Cinéfilos desde pequenos, trabalhar com o cinema nunca foi distante. A formação de ambos vai desde a paixão pelos clássicos hollywoodianos e blockbusters até o cinema de gênero dos anos 80. Como músicos, as trilhas sempre os fascinaram. Do clássico, pescaram referências em nomes como Ennio Morricone e Bernard Hermann, além de outros compositores como John Williams, Mica Levi, John Coltrane, Clóvis Pereira e György Ligeti.

O SOM DE BACURAU

Em Bacurau, esse leque foi colocado em ação. Trabalhando em conjunto, os dois se dividiram na trilha do filme; Mateus ficou responsável pelas cenas da cidade – com tons mais clássicos e orquestrais, mas igualmente incomuns, enquanto Tomaz cuidou dos estrangeiros, com uma pegada mais enigmática.

“Kleber e Juliano nos mostraram de cara a música do funeral: Bicho da Noite, do Sérgio Ricardo, como um referencial. A partir disso, eu fiz as trilhas meio idílicas, meio orquestrais, e às vezes de suspense. Eu já venho trabalhando elementos regionais de formas novas. Fazer algo daqui, mas que é universal, e nem mesmo desse planeta. Eu penso muito cosmicamente. Alinhar a música contemporânea e a experimental, inserindo esses elementos alienígenas (talvez) em sonoridades locais”, explica Mateus.

Tomaz, por sua vez, concebeu um processo mais sensorial; de terror e estranhamento. “Eu fui atrás de sonoridades que remetessem a uma ideia de futuro, de ficção cientifica e do filme de aventura. Quando o KMF e o Juliano mostraram o tema do John Carpenter, tudo ficou muito claro. Eu comecei a produzir também, além de temas musicais, sons que não são estritamente musicais. Ruídos, distorções, que foram usados já na parte final do filme quando a violência toma conta. Tem coisas em Bacurau que compus que são indissociáveis do desenho de som – você não sabe se está ouvindo a música ou a captação dos passos. Esses limites ficam borrados porque eu não me preocupei se o que eu estava fazendo era música, ruído ou só ambiência”.
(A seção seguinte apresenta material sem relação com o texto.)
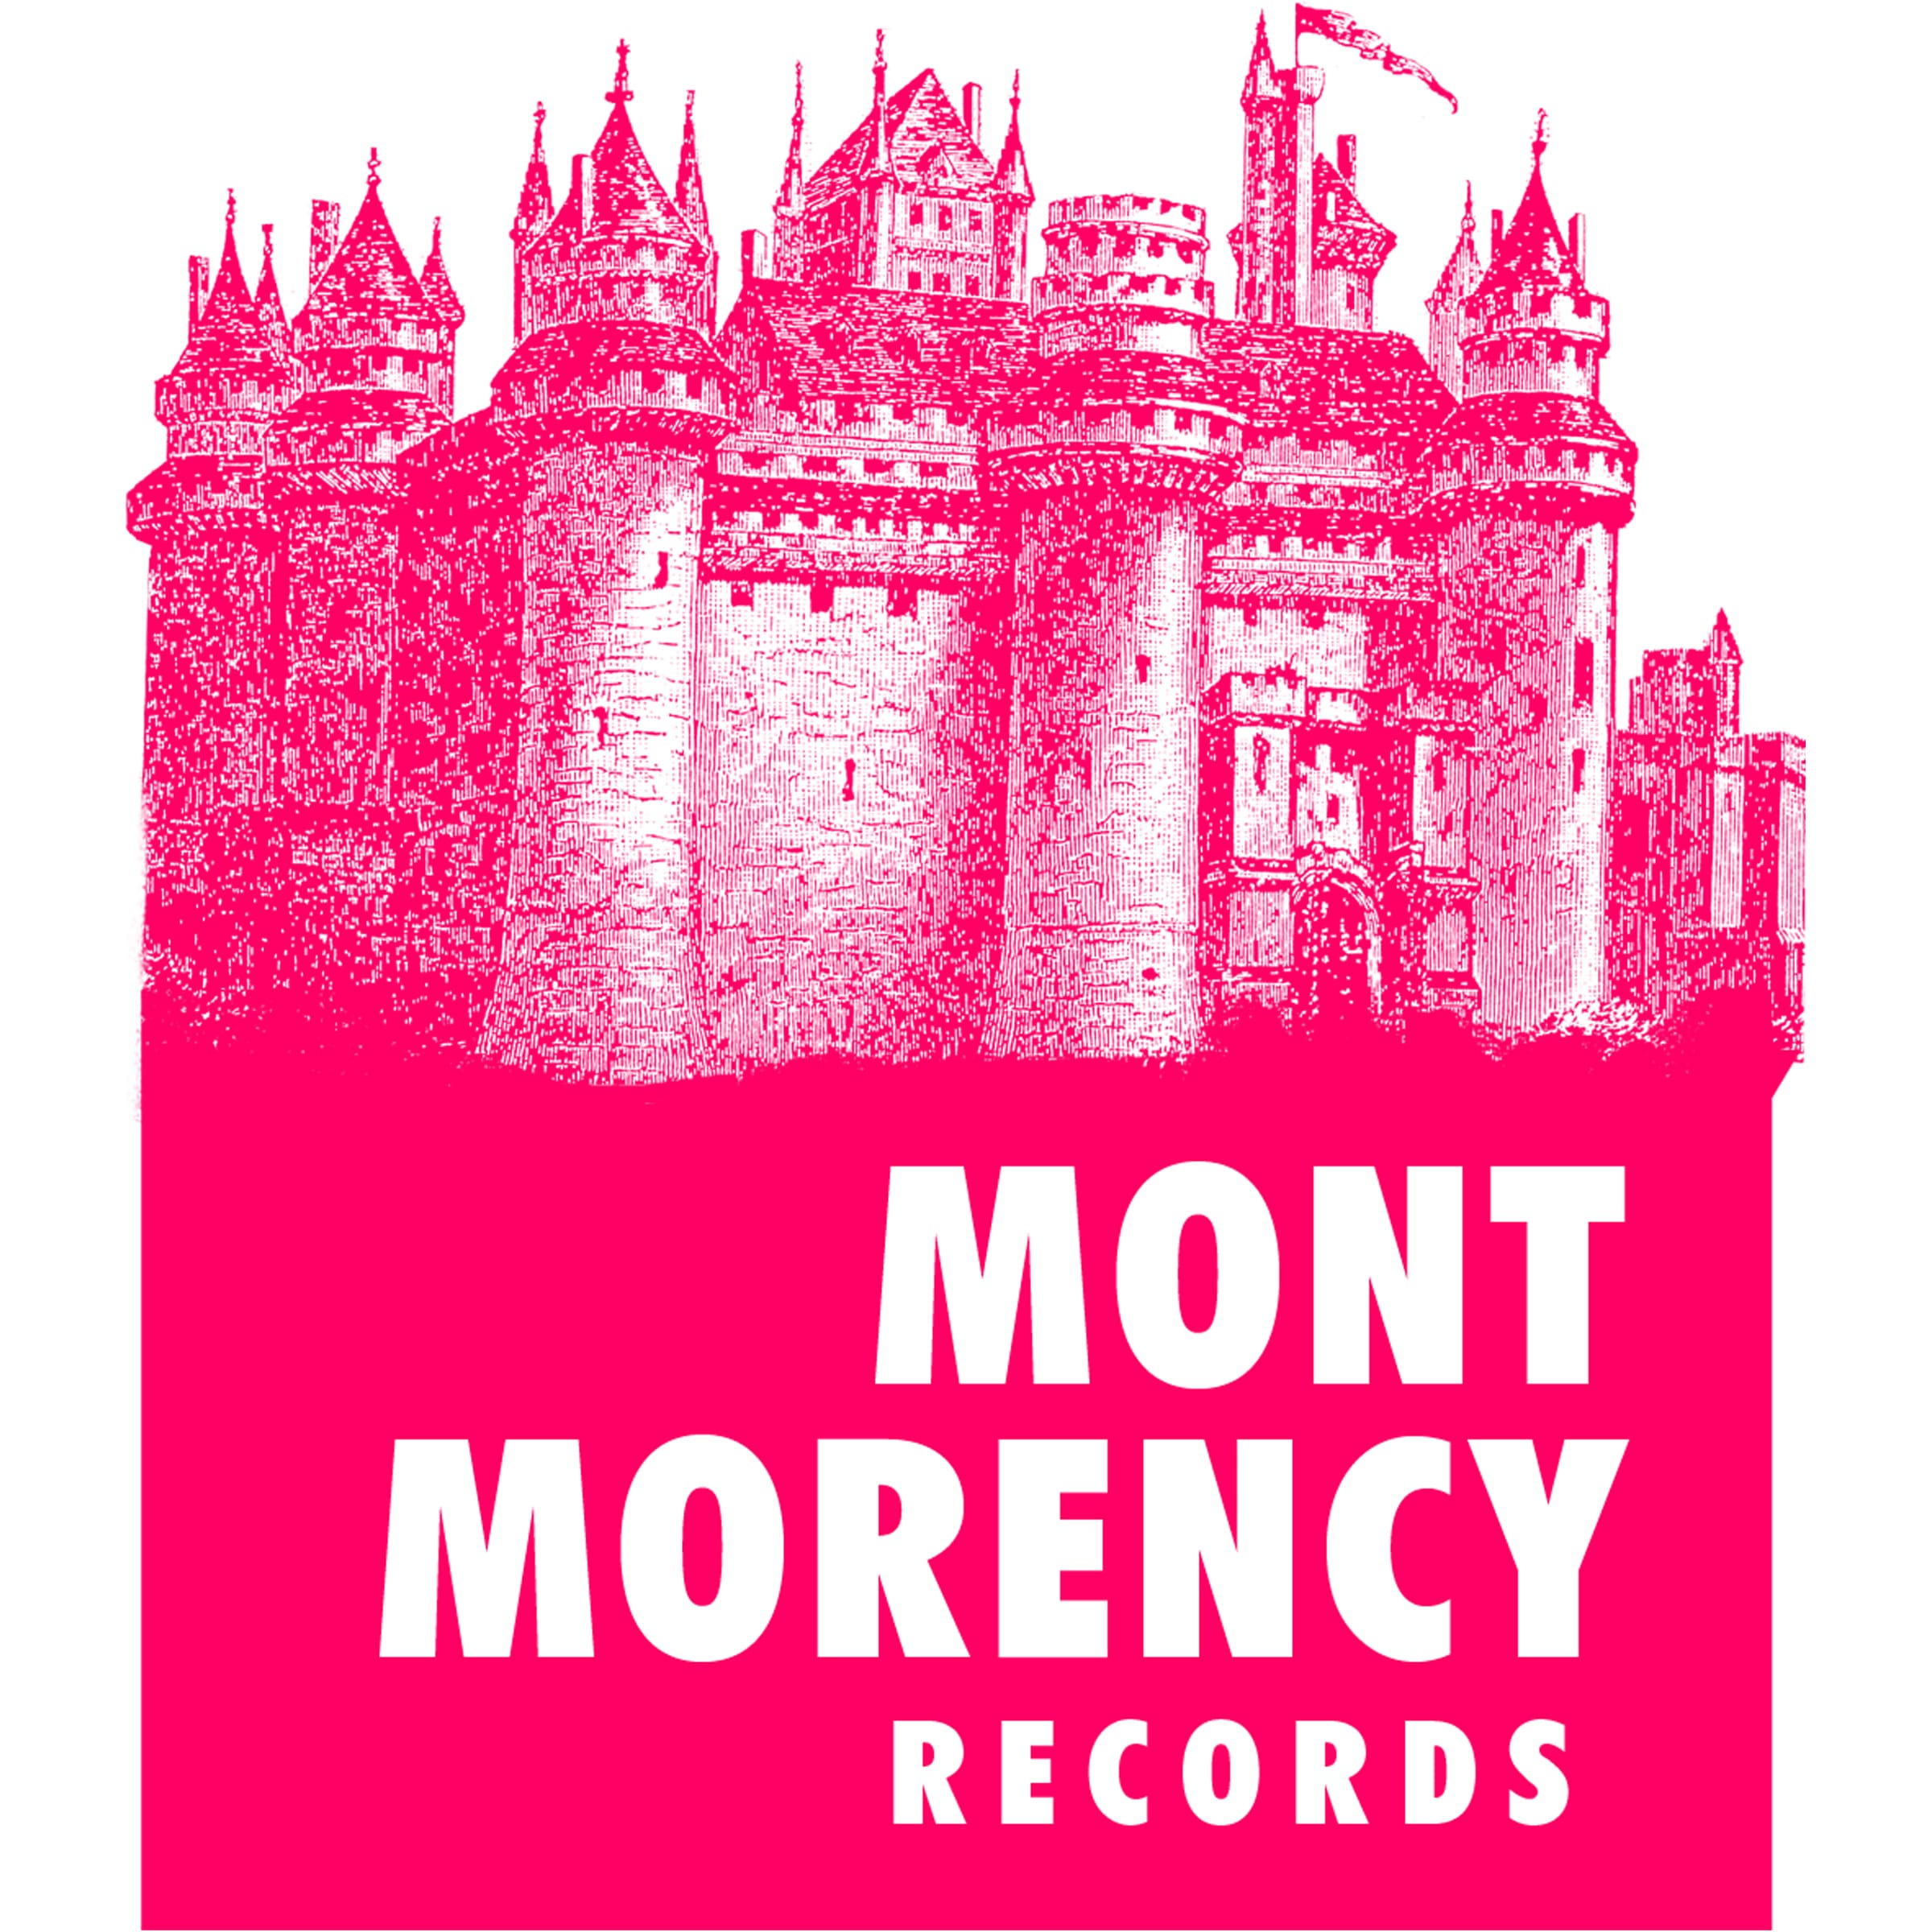 MONTMORENCY RECORDS
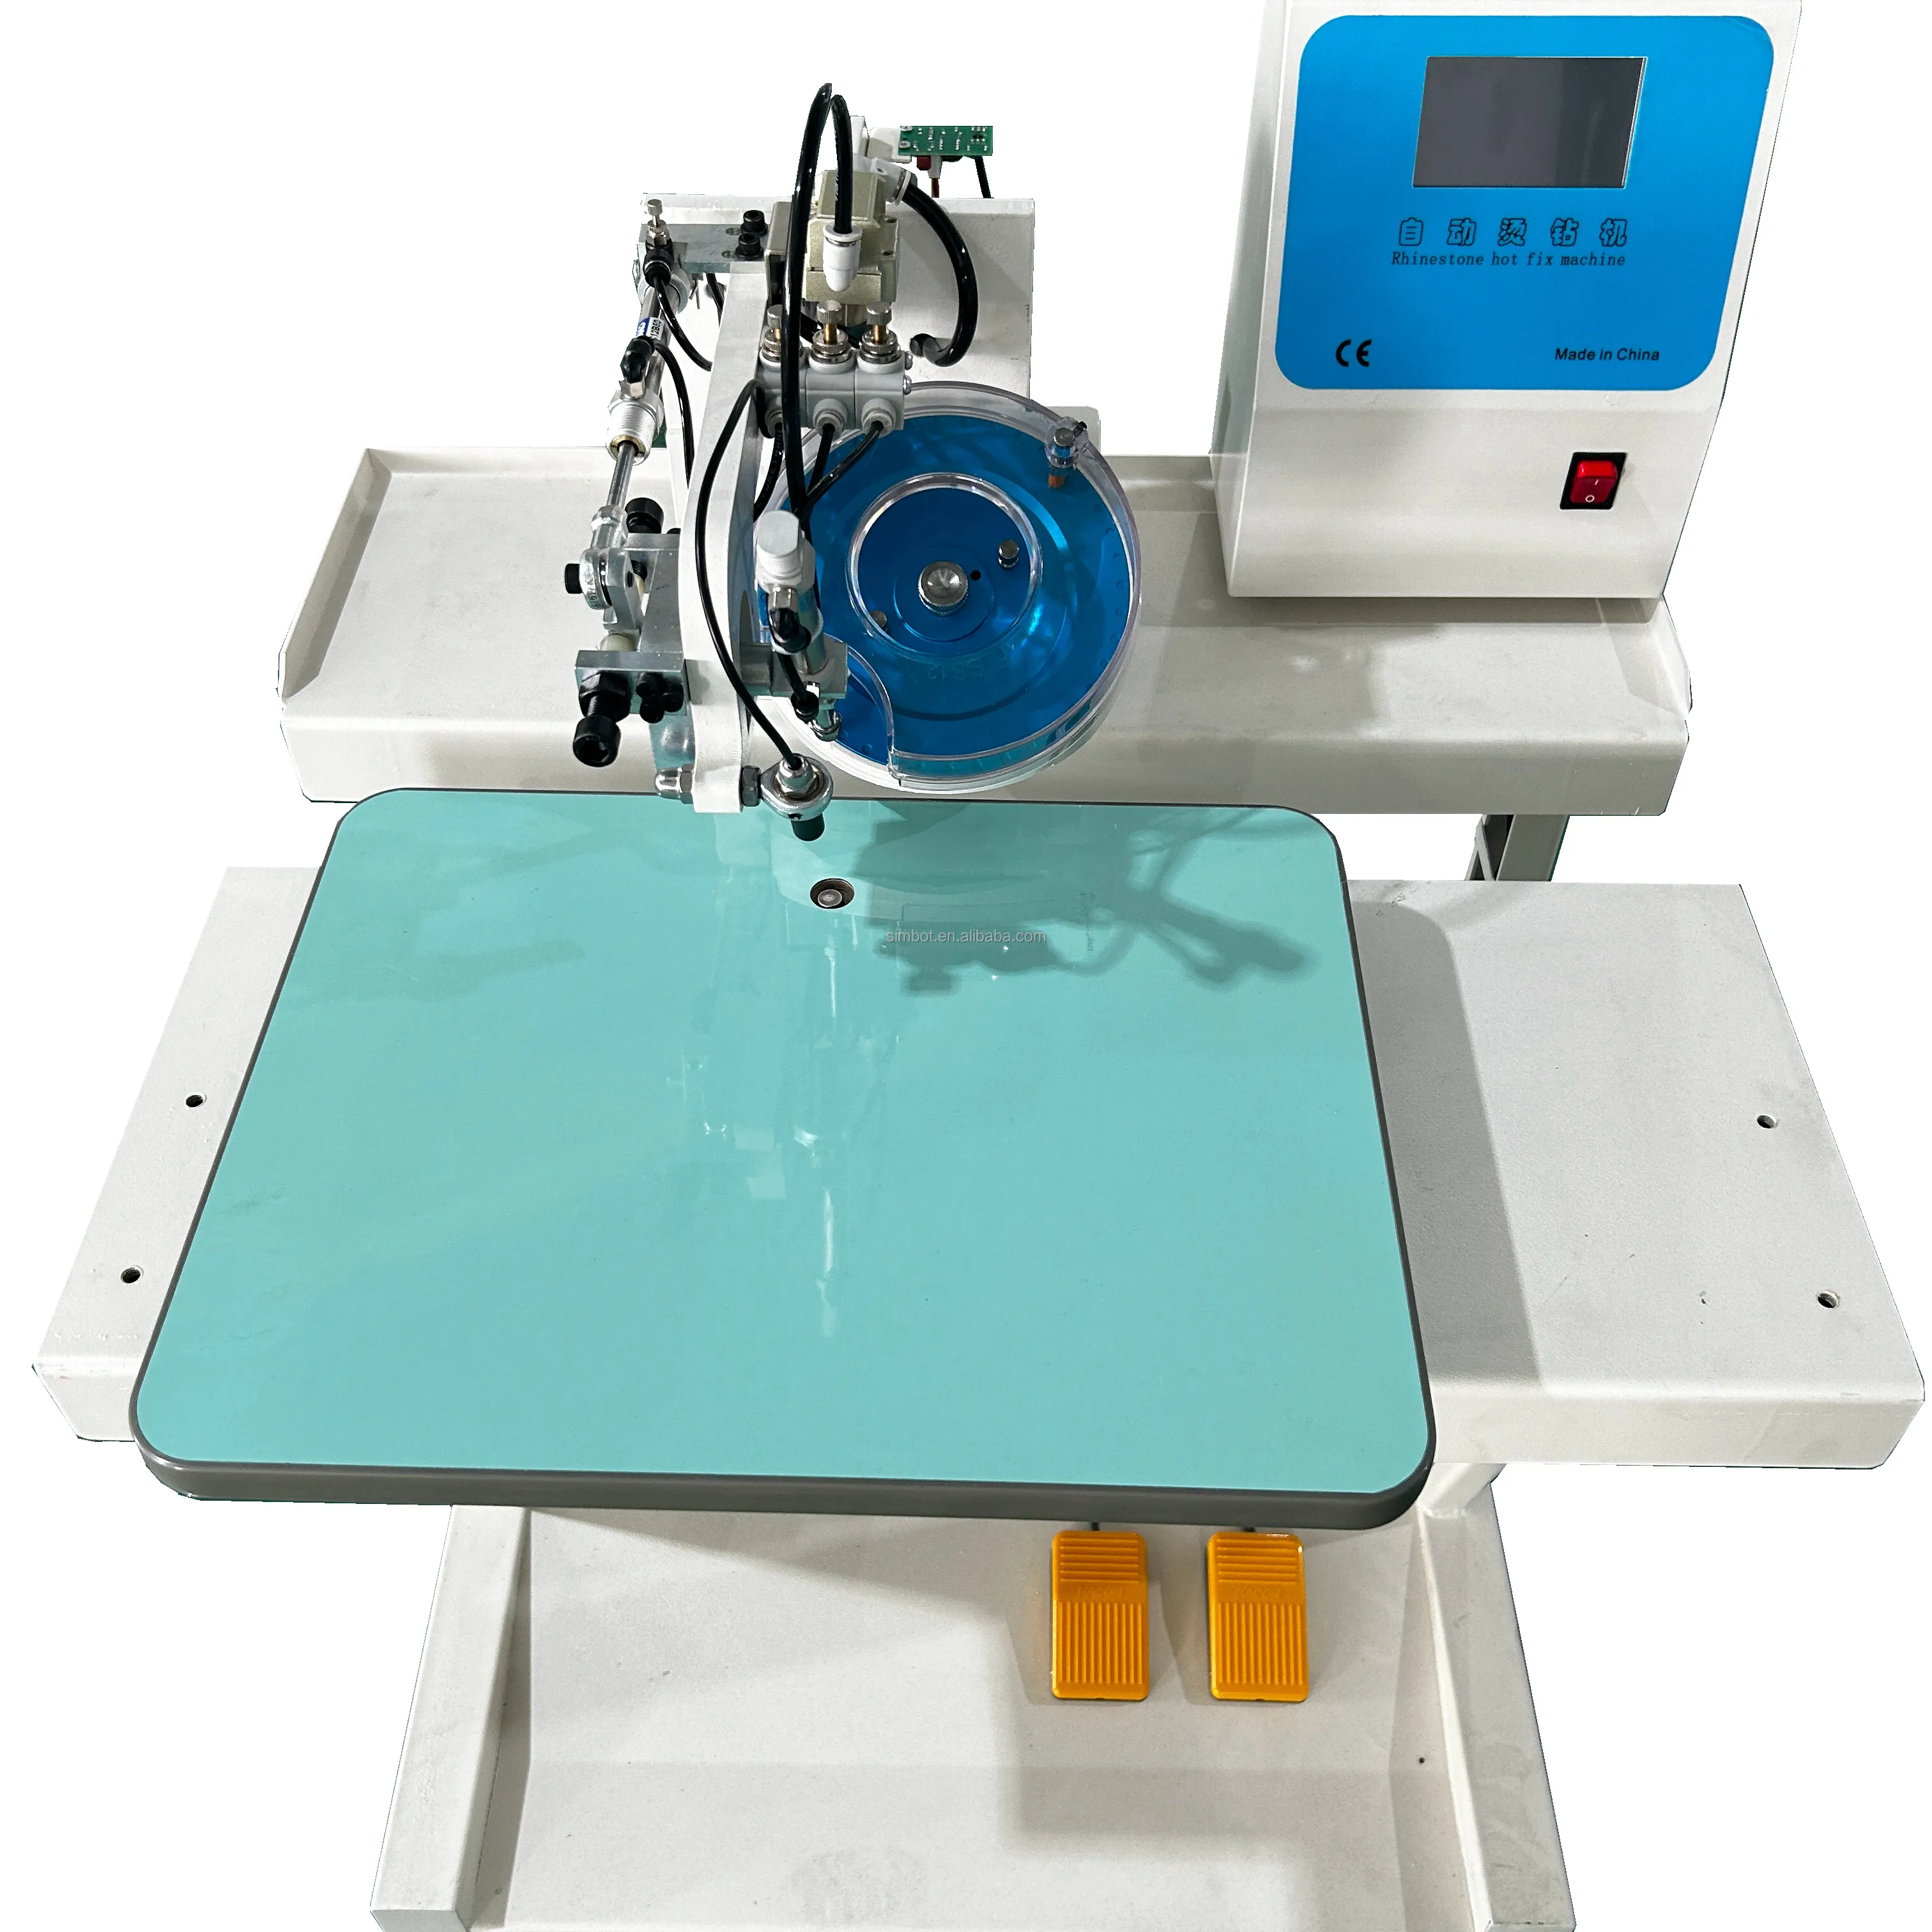 Mesin berlian imitasi Hotfix otomatis untuk pabrik pakaian grosir alat berlian imitasi Hotfix mesin berlian imitasi desain baru

O resultado é uma aproximação bem referenciada em narrativas de gênero, mas com uma dimensão propriamente nacional – acompanhando discretamente o que está disposto na tela. “Historicamente, no começo do cinema, a trilha sempre foi muito detalhista e narrativa. Hoje em dia, com o cinema desenvolvido mais como uma linguagem própria, ela atua mais sugerindo o que está acontecendo em uma perspectiva interna da trama. Em Bacurau, por exemplo, é normal que as pessoa vejam o filme e não percebam nosso trabalho. Porque ele foi feito para se unir a narrativa sonar do filme e não se sobrepor a ela”, pontua Tomaz.

"Quando eu vi a primeira vez o processo de montagem, eu falei: isso aqui é música. O ritmo do filme é totalmente musical, a trilha só dá uma ajuda a algo que é assim por natureza. E muito da música também vem em imagens abstratas. Mesmo que o cinema traga isso diretamente, do corte final, ao mesmo tempo, não penso muito nisso. Eu busco me aprofundar na música pela música e nas sensações que surgem a partir disso; e não é nem pensando musicalmente, mas sim sonoramente”, completa Mateus que reuniu recentemente no álbum Música pra Cinema boa parte das suas trilhas compostas para filmes. Entre elas a de Aquarius, com a qual foi premiado no Grande Prêmio do Cinema Brasileiro.

A trilha de Bacurau também está disponível nas plataformas digitais, reunindo além das canções licenciadas para o longa, várias composições da dupla.